**Data excerpt**
● ● ● ● ● ● ●

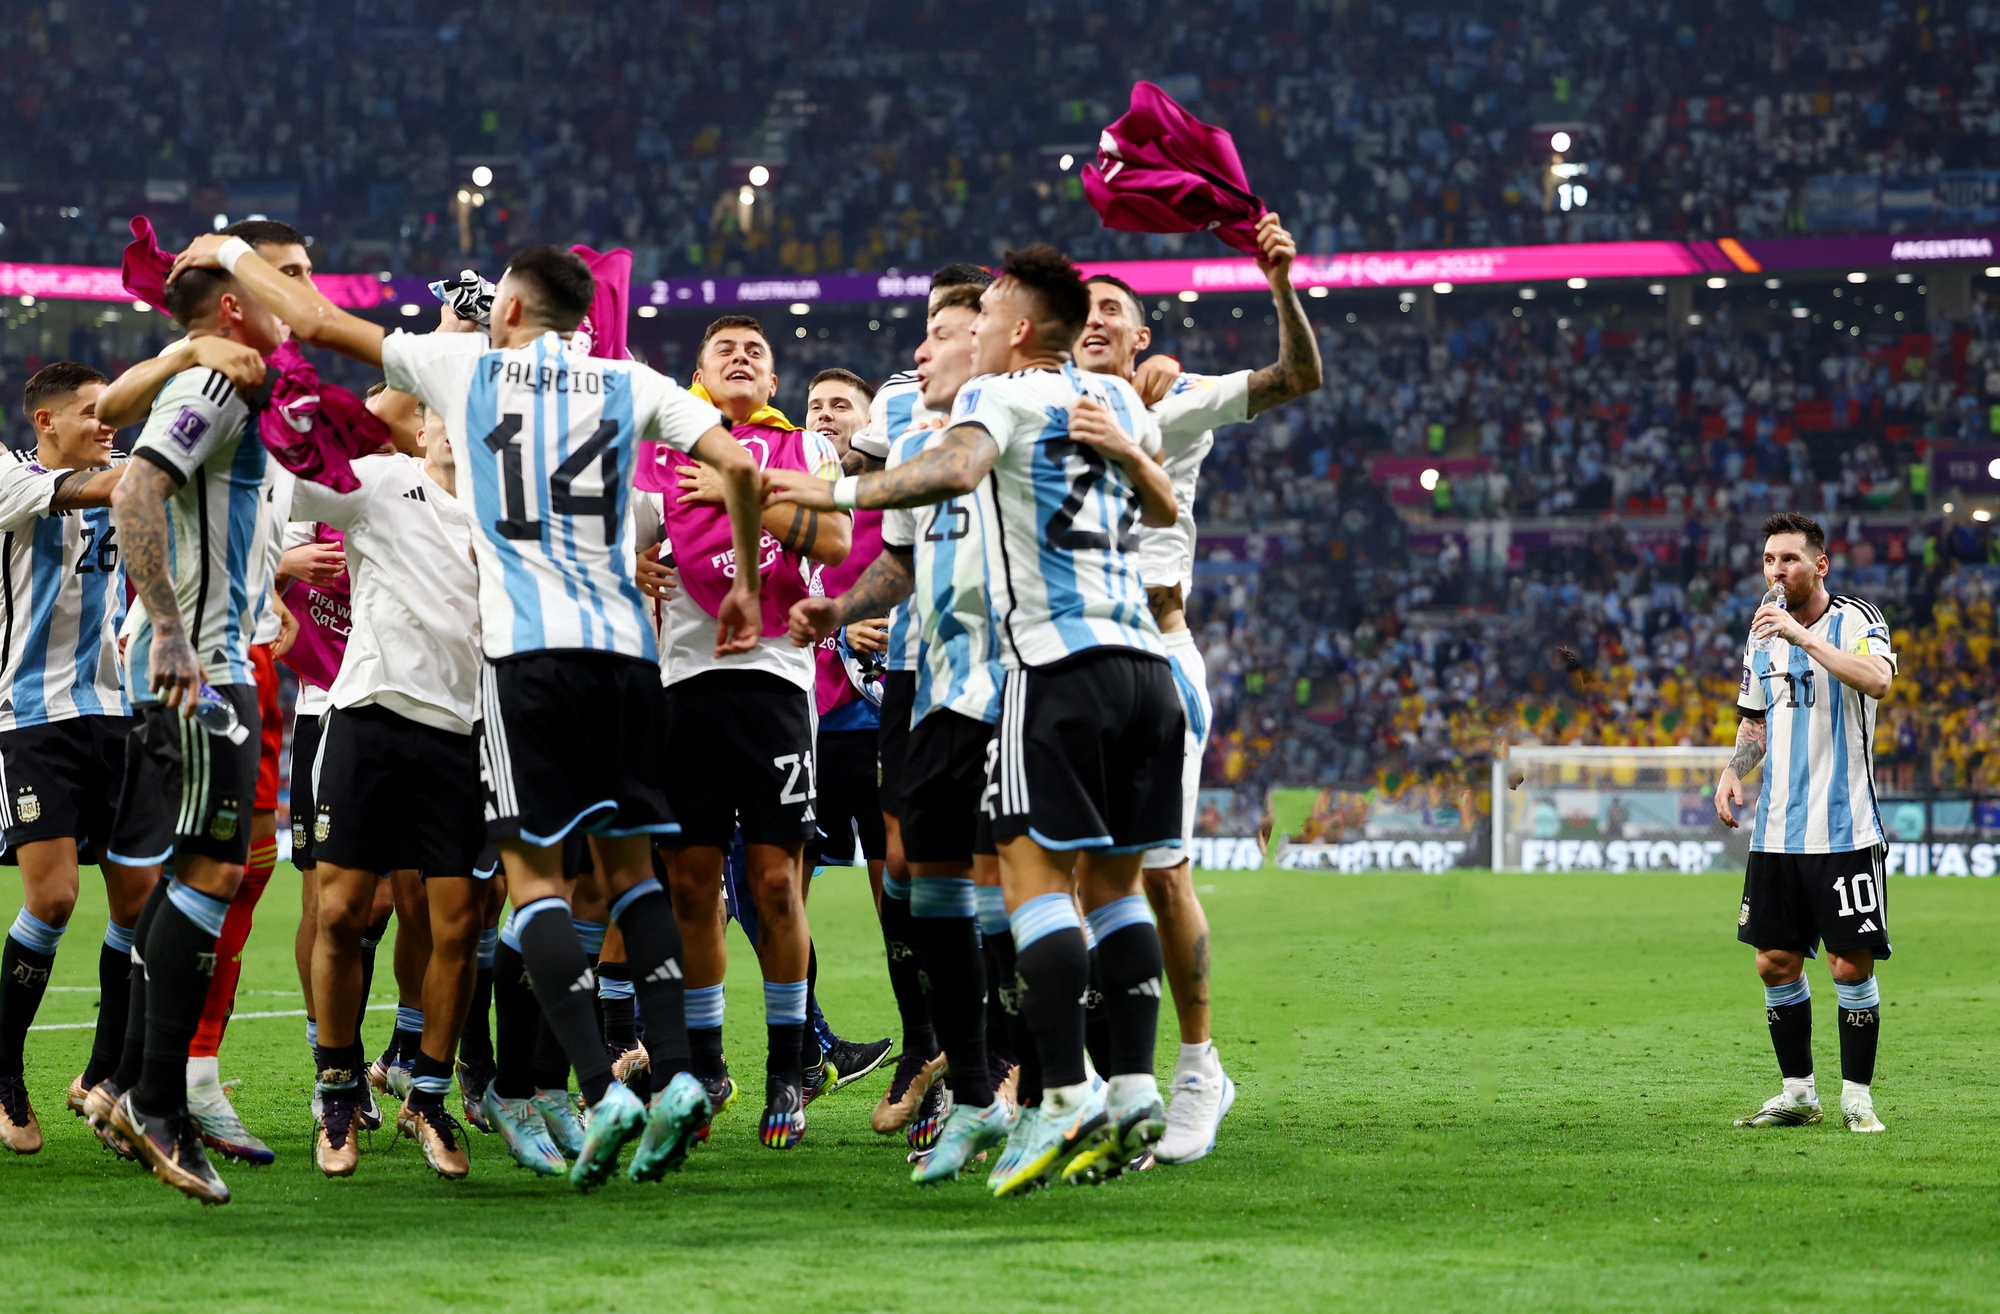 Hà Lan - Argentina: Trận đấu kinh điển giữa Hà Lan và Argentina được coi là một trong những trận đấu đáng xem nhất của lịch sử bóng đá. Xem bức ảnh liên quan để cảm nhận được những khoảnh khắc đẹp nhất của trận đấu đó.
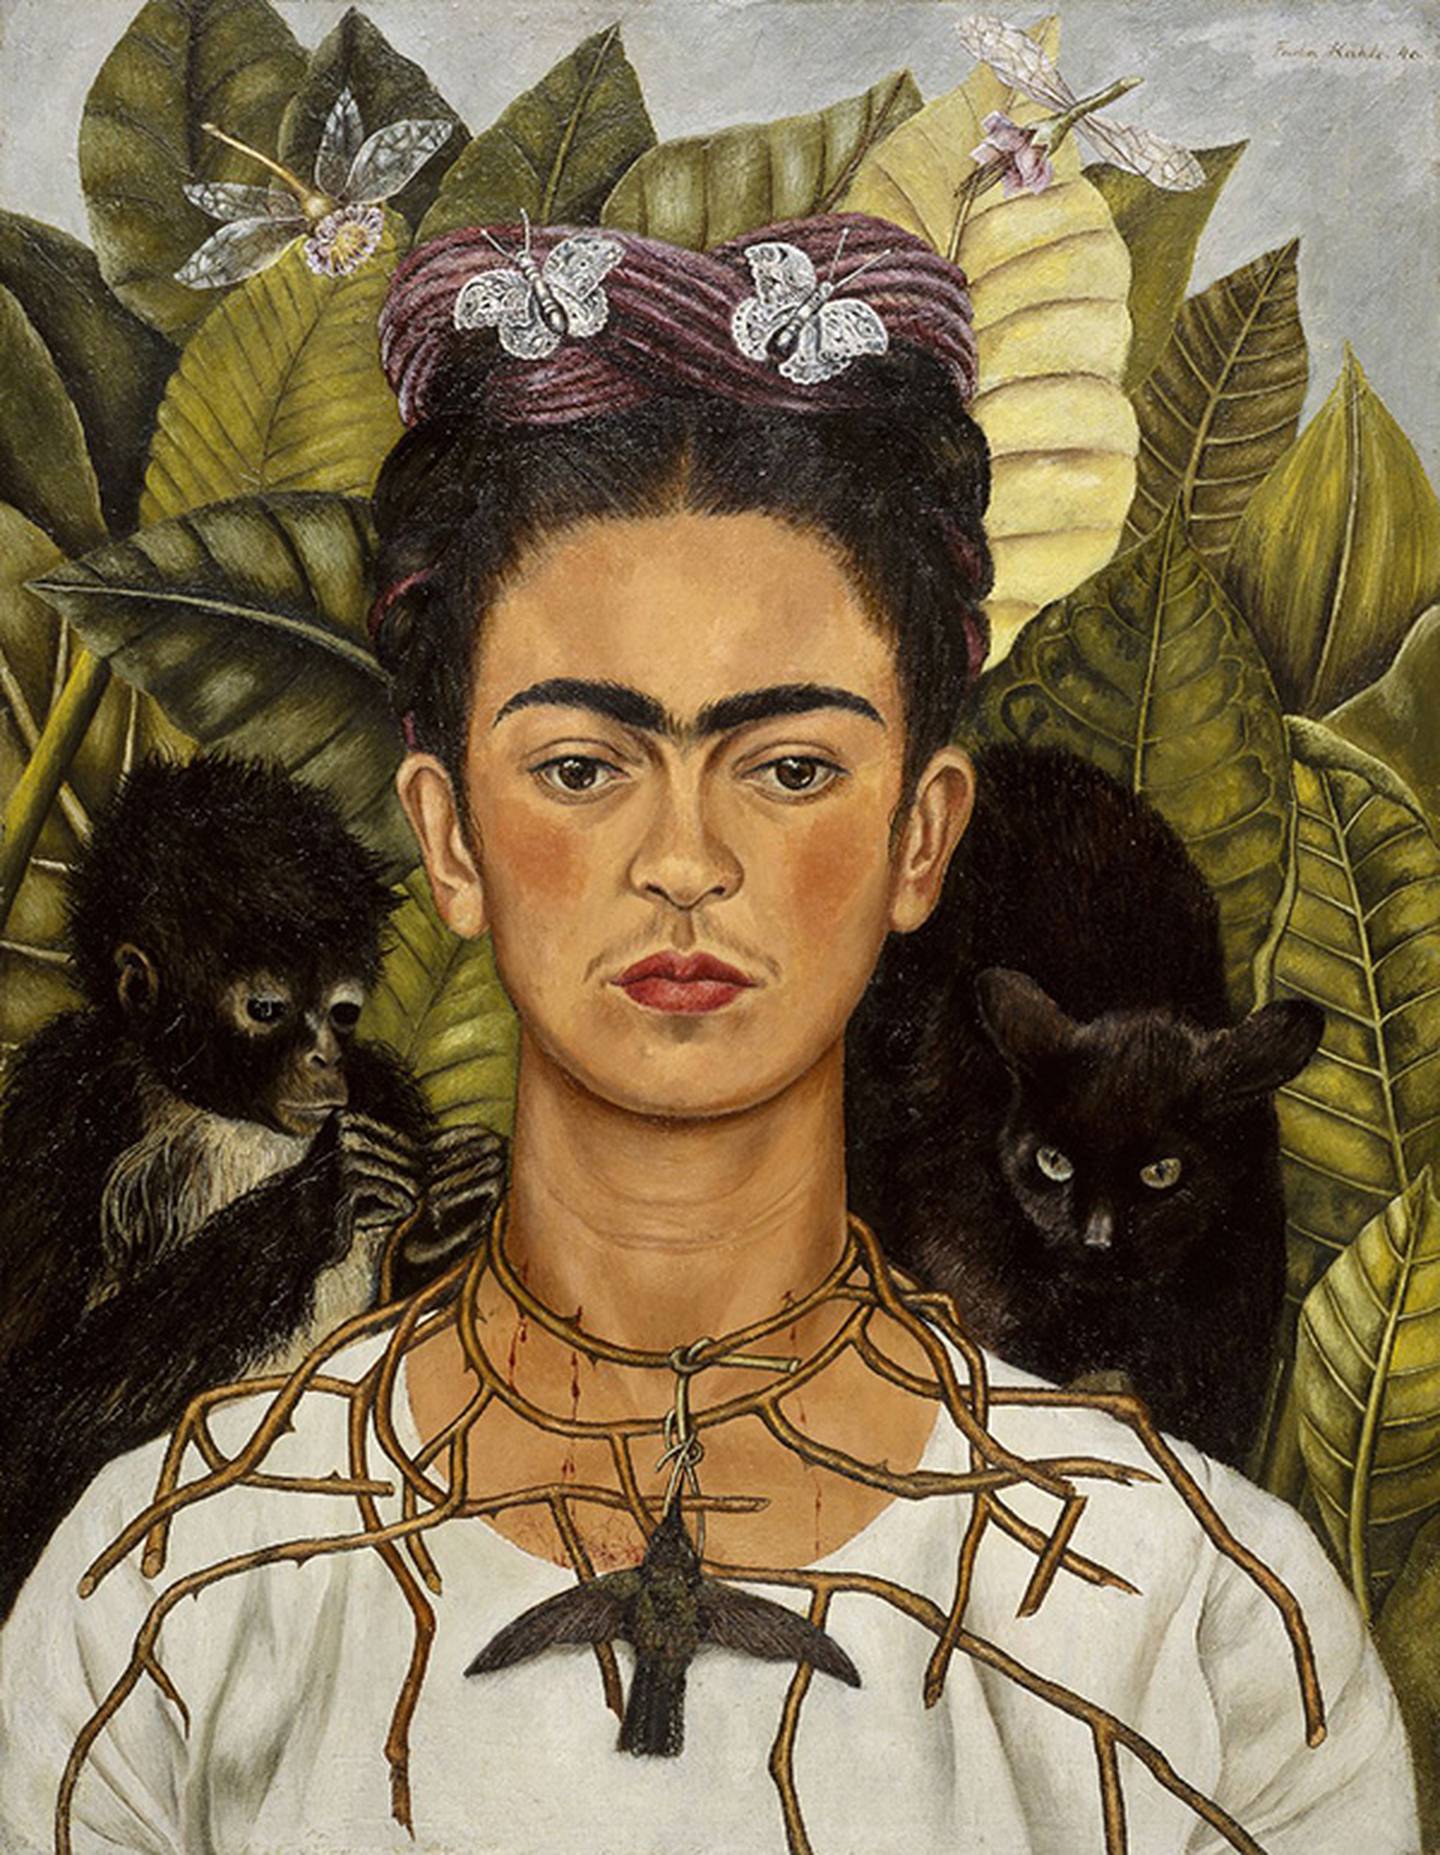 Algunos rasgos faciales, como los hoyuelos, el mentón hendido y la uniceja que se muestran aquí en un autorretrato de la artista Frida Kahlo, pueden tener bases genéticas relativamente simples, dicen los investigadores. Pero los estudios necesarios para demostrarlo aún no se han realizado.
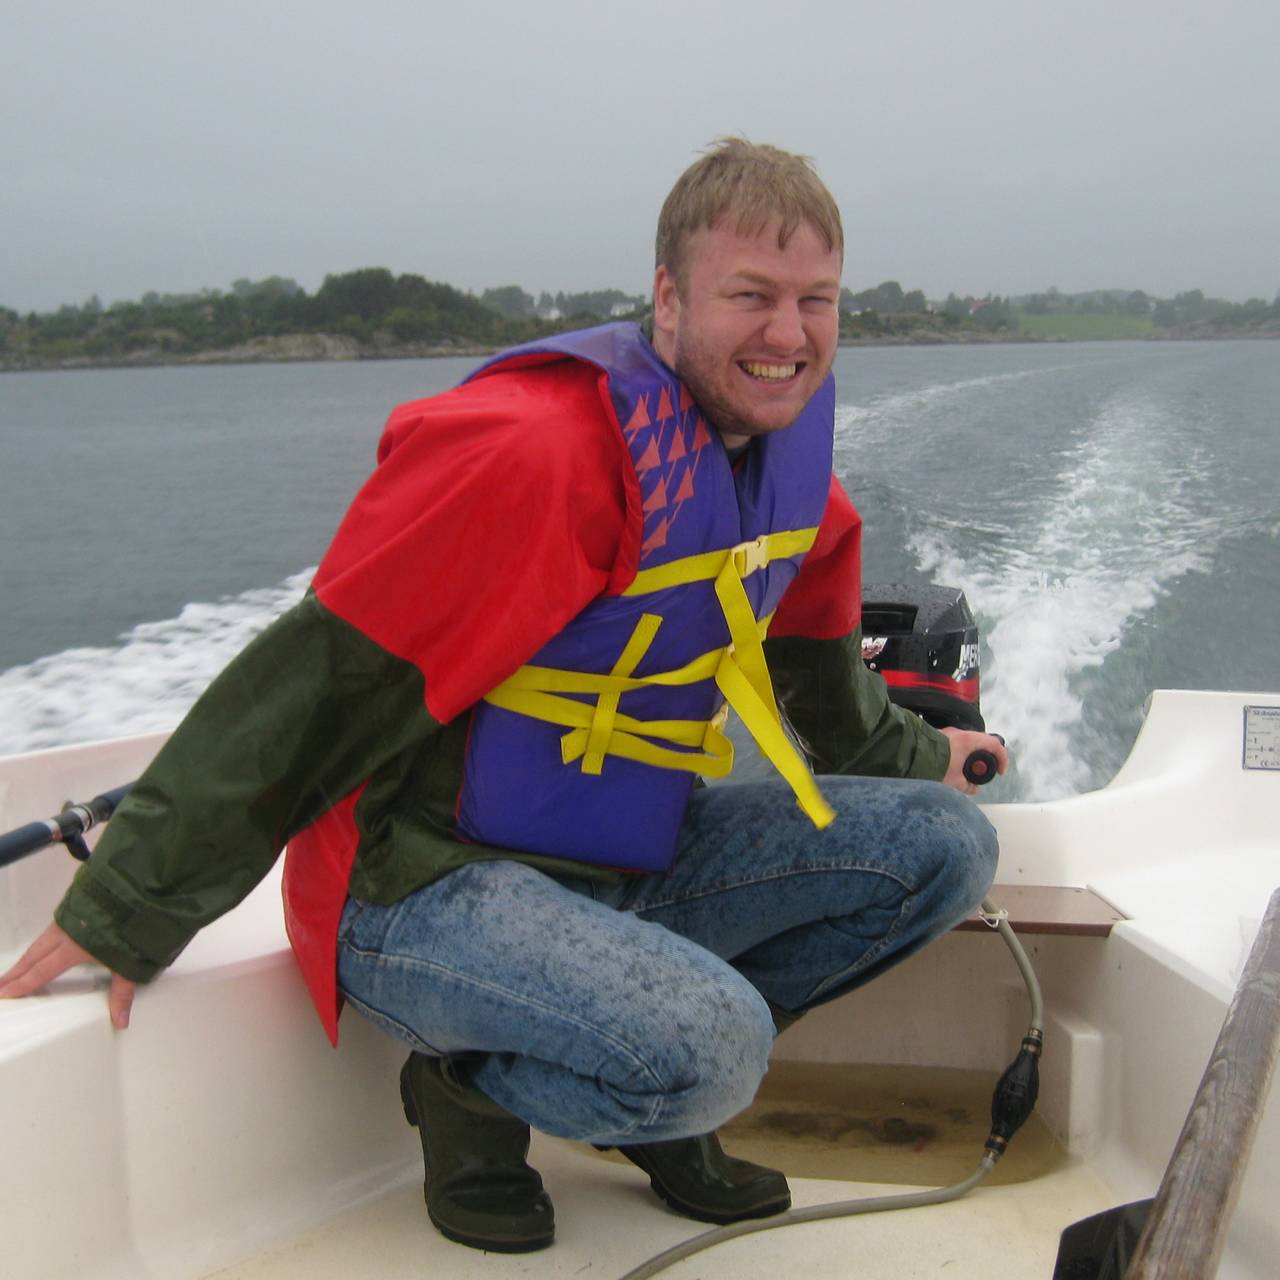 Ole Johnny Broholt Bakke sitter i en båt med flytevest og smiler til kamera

● ● ● ● ● ● ●

**About this exercise**
Reproduce, word for word, the lines from the one containing "Algunos rasgos faciales, como" through the final line above. Leave every picture out.

**Result of the exercise**
 Algunos rasgos faciales, como los hoyuelos, el mentón hendido y la uniceja que se muestran aquí en un autorretrato de la artista Frida Kahlo, pueden tener bases genéticas relativamente simples, dicen los investigadores. Pero los estudios necesarios para demostrarlo aún no se han realizado.
 Ole Johnny Broholt Bakke sitter i en båt med flytevest og smiler til kamera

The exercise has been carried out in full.